In a globalizing economy, monetary stability and access to sophisticated financial services are essential components of an attractive local investment climate. And in this regard, developing countries are especially poorly positioned.

Traditionally, governments in the developing world exercised strict control over interest rates, loan maturities, and even the beneficiaries of credit -- all of which required severing financial and monetary links with the rest of the world and tightly controlling international capital flows. As a result, such flows occurred mainly to settle trade imbalances or fund direct investments, and local financial systems remained weak and underdeveloped. But growth today depends more and more on investment decisions funded and funneled through the global financial system. (Borrowing in low-cost yen to finance investments in Europe while hedging against the yen's rise on a U.S. futures exchange is no longer exotic.) Thus, unrestricted and efficient access to this global system -- rather than the ability of governments to manipulate parochial monetary policies -- has become essential for future economic development.

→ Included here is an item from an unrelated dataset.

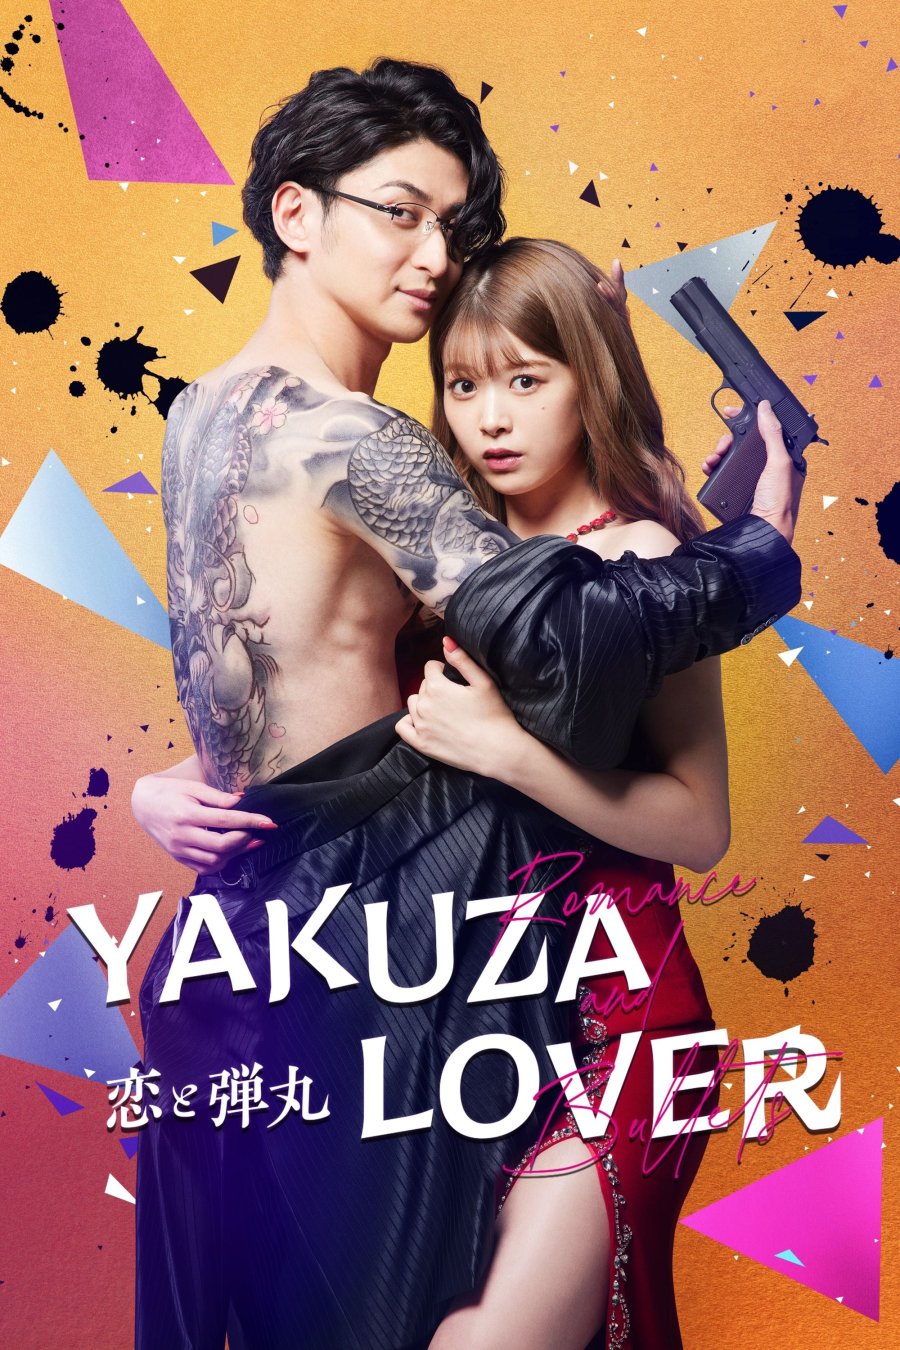 [รีวิว] Yakuza Lover: คอมเมดี้เตียงไม่ว่าง ฉูดฉาด บาดใจยากูซ่า

But because foreigners are often unwilling to hold the currencies of developing countries, those countries' local financial systems end up being largely isolated from the global system. Their interest rates tend to be much higher than those in the international markets and their lending operations extremely short -- not longer than a few months in most cases. As a result, many developing countries are dependent on U.S. dollars for long-term credit. This is what makes capital flows, however necessary, dangerous: in a developing country, both locals and foreigners will sell off the local currency en masse at the earliest whiff of devaluation, since devaluation makes it more difficult for the country to pay its foreign debts -- hence the dangerous instability of today's international financial system...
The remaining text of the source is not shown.